Шрифт:
Интервал:
Закладка:
Сначала речь в них шла о трех мировых эпохах: первая эпоха воспевала естественное право, силу, борьбу, победу и уничтожение слабых чужеземцев и врагов, вторая эпоха стояла под знаком иудейско-христианской заповеди любви к ближнему, а третья вновь возвращалась к естественному праву первой эпохи. Третья эпоха, по словам автора, сейчас как раз и начиналась, вторая же началась с падения Рима. Потом речь в тексте шла о запрете на убийство и о том, что ацтеки убивали плененных врагов, спартанцы убивали собственных воинов, раненных в битве, а римляне убивали больных римских детей. Затем шел отрывок, который и дал всему тексту название:
Золотое правило, существующее в разных формулировках, запрещает поступать с другими так, как ты бы не хотел, чтобы они поступили с тобой. Иногда этот запрет дополняется заповедью: поступай с другими так, как ты бы хотел, чтобы поступали с тобой. Так или иначе, это золотое правило есть правило долга. А где же тут, в этом правиле, содержится право? Ведь оно, это правило, не дает свободы даже первому из всех прав, праву защиты от нападения. Согласно ему от нападающего нельзя защищаться, потому что, нападая сам, ты не хочешь, чтобы тебе оказывали сопротивление.

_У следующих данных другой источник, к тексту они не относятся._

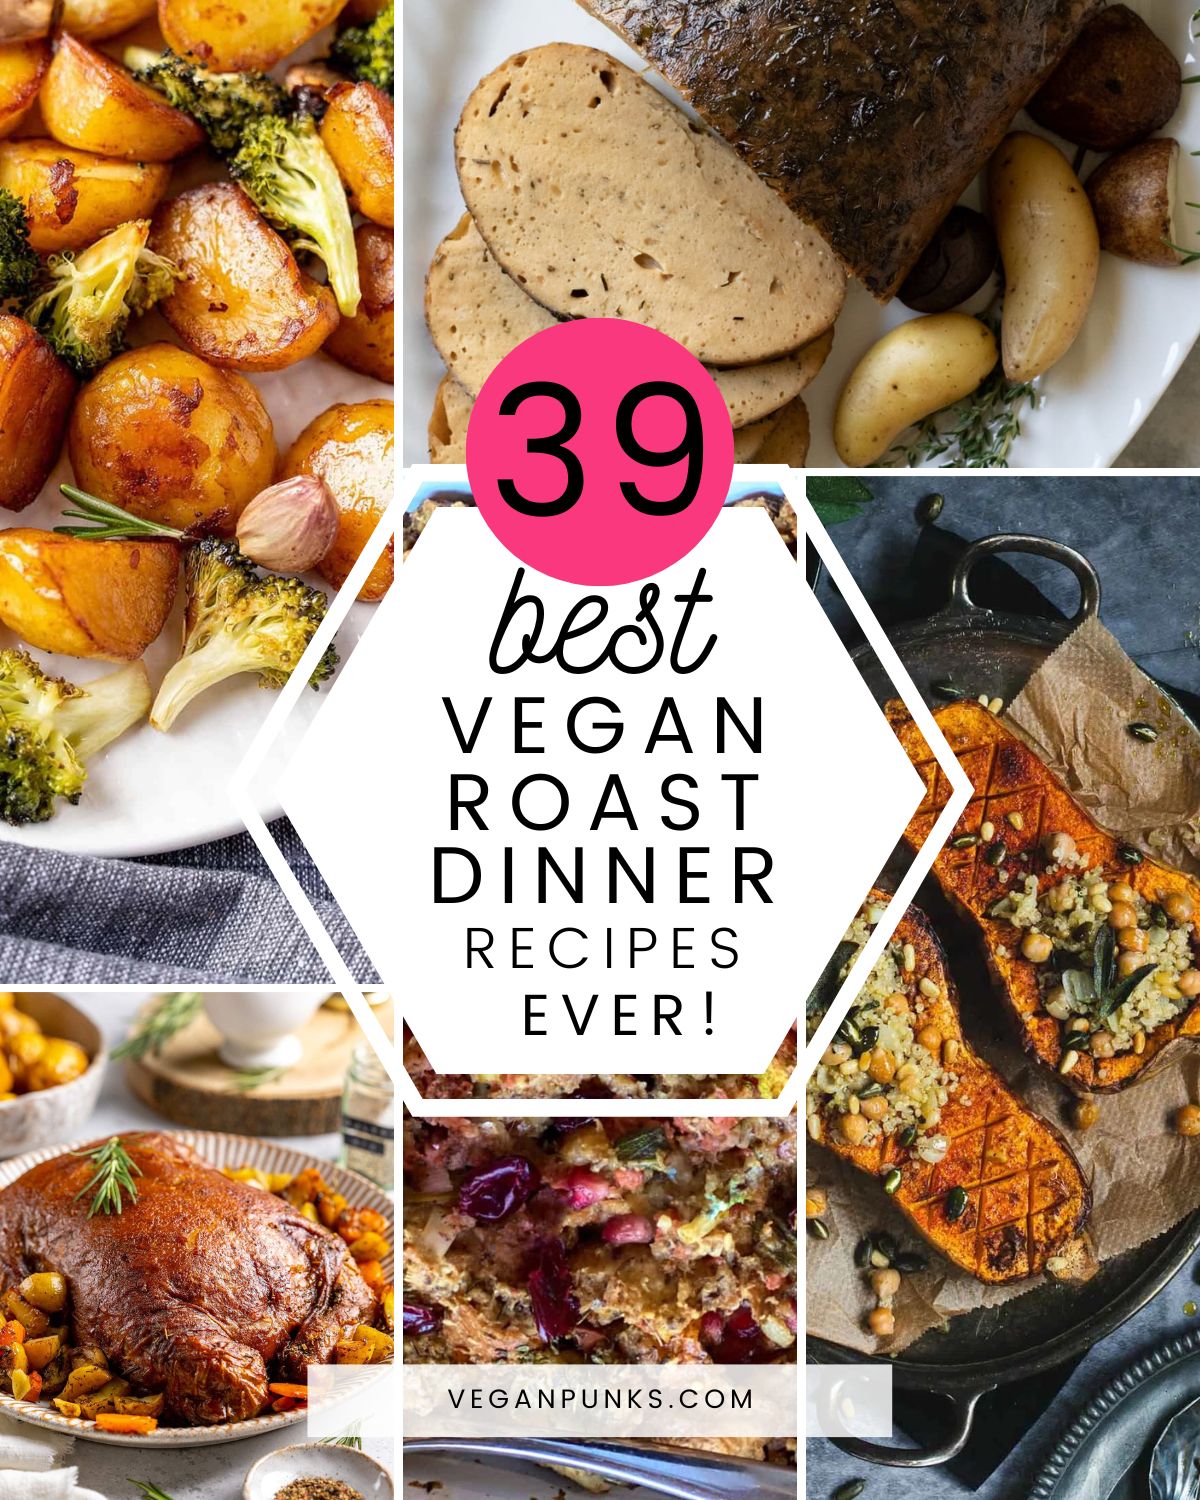 Collage of vegan roast dinner recipes with a title in the middle.

Право основано не на золотом правиле, а на правиле железном. Причиняй другим то, что по силам вынести тебе самому. И железное правило существует в разных формулировках. Той опасности, которой ты готов подвергнуть себя, ты имеешь право подвергнуть и других, тем, чем жертвуешь ты, должны жертвовать и другие. Из этого правила рождается авторитет, рождается Вождь. Трудности, которые преодолевает Вождь, дают ему право требовать преодоления трудностей от тех, кого он ведет за собой, — поскольку он идет на жертвы и требует жертв от них, они видят в нем Вождя.
Эти мысли иллюстрируются многочисленными примерами, затем текст вновь возвращается к теме запрета на убийство. Заповедь «Не убий!» не дает праву обрести свое право. И для убийства существует свое железное правило:
Там, где я готов пойти на смерть, я тоже имею право убивать. Вступая в бой не на жизнь, а на смерть, объявленный кем-то или никем не объявленный, я подвергаю себя смертельной опасности. Евреи на нас не нападают? Они хотят вести свой грязный гешефт, ловчить и обманывать? Славяне хотят мирно обрабатывать свои убогие наделы, печь хлеб и гнать самогон? Это не защитит их. Германия вступила с ними в битву не на жизнь, а на смерть.
Маргарета Биндингер появилась в дверях, словно подглядывала за моим чтением. Как подслушивают разговор, чтобы в конце его тут же появиться.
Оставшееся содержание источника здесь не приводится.